Jai Padmanabhan: First, tag your resources in AWS otherwise you don't know where to look, right? And the cost explorer is only as good as, [00:23:00] You know how you tag them. So make sure that a, uh, you're using the right practices to develop, um, infrastructure code. So you're using Terraform. Make sure that tagging is one of the things that you always do, and you're then able to look by environments, You know, by.

Uh, even specific, uh, namespace specific applications, like how much is my actual usage? Uh, so that would be number one. Thereafter, it'll be the line items in your cost bill. If you have these tags, then you're able to use them in your cost explorer, or I think the, the monthly savings by service. I think it's a saved report on AWS cost explorer that you can always hit first to just see at a high level, like what are the various areas broken down by service.

You know, most likely it'll be the EC2 number because that's the, the heart of, uh, You know, where or how your applications run. And then subsequent to that would be any SQL Server usage. Uh, would, there would be any RDS there, there will be S3 EFS And so on in [00:24:00] that, in that order. Um, so I think those would be some of the, um, quick points that I would point them to.

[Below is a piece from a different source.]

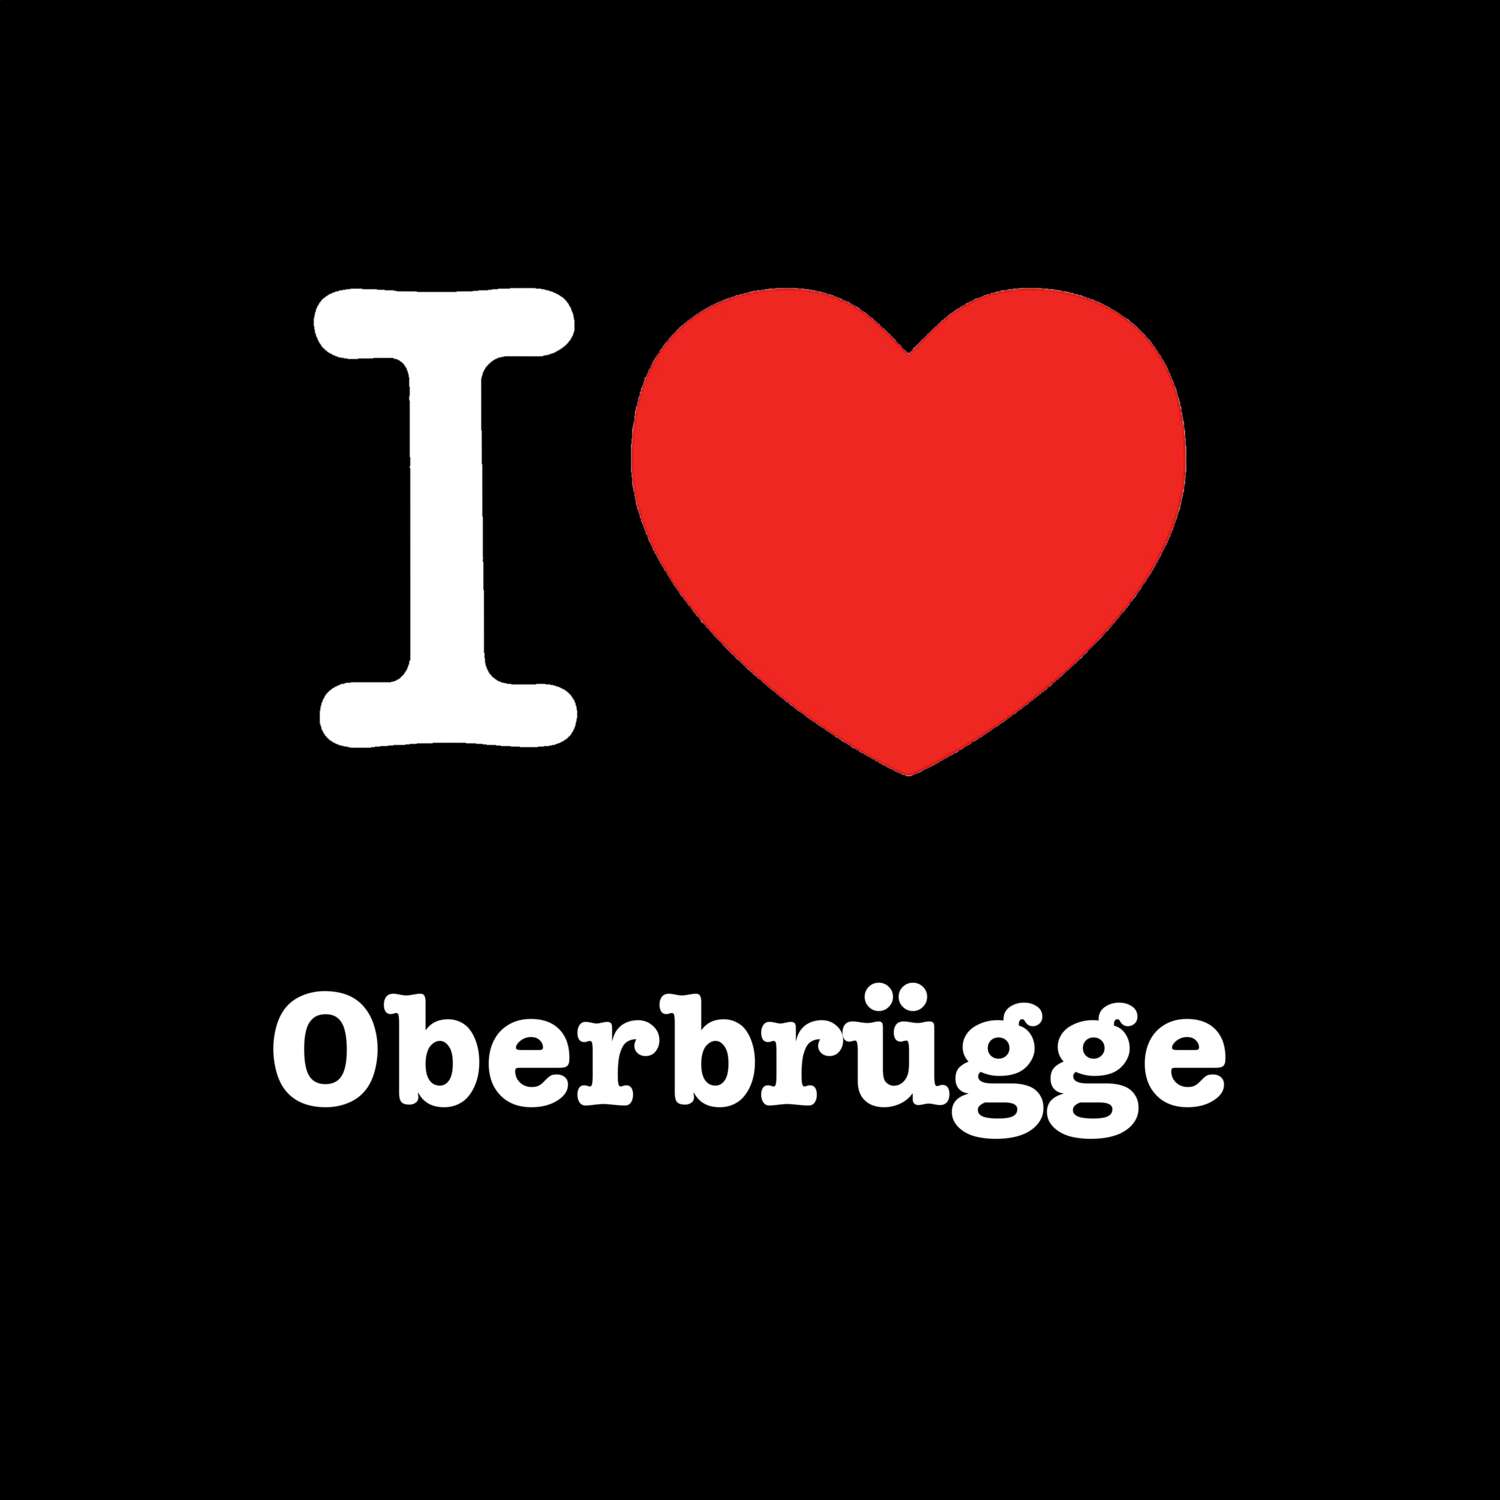 Oberbrügge T-Shirt »I love«

Taylor Houck: It's, it's such a good point that you brought this up because visibility, we haven't chatted about visibility much. Your cost reporting and understanding of like. well You know your billing data and how up to date you are in your understanding of it, right? Making sure that you're consistently on track it, because things can happen so quickly and that really is phase one, right?

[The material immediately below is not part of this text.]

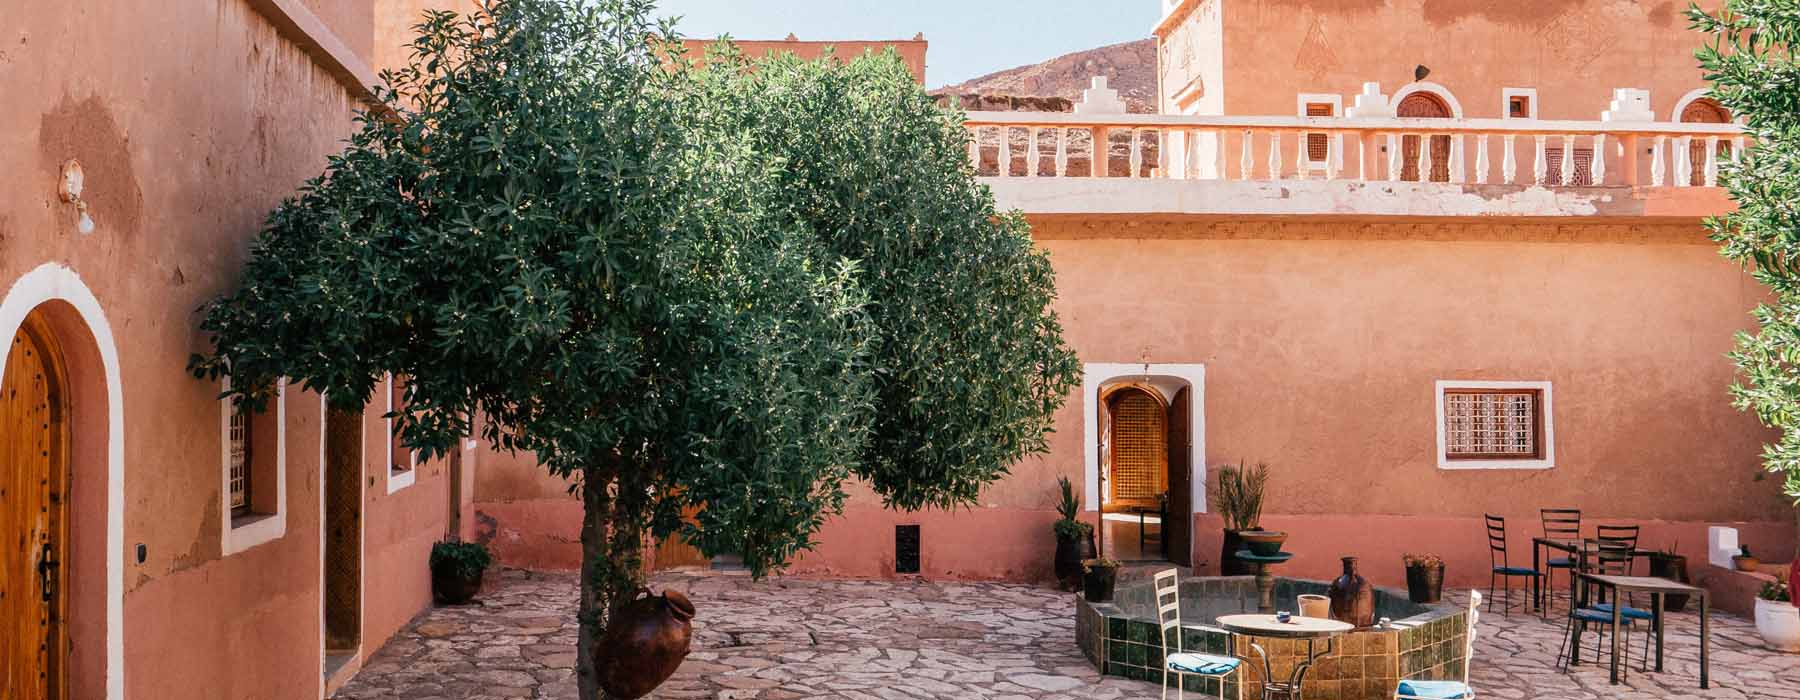 Morocco<br class="hidden-md hidden-lg" /> Luxury Adventure Holidays

Really getting that solved and then you can get into optimization and you can start to think about engineering and efficiency, best practices. But without the visibility, you have no way to measure it. So I think that was a, a keen point.

Jai Padmanabhan: Yep. Yep. Absolutely.

Taylor Houck: I am, I'm wondering where your head is at as it relates to ai, both in terms of how to use AI to improve the efficiency of your FinOps practice, as well as managing the cost of AI as those costs [00:25:00] steadily start to increase within your teams. Does either of those sides, are you paying more attention to one than the other? Where's your head at in terms of this whole AI thing?

Jai Padmanabhan: Yeah, so we are measuring AI at this point from a FinOps angle. Um, I think we are using, um, open ai, uh, You know, those, those APIs of from the Azure side. So we are able to look at Azure login there and then able to look at the cost. And that is a guide in terms of how we want to proceed, how many tokens being used And so forth, right?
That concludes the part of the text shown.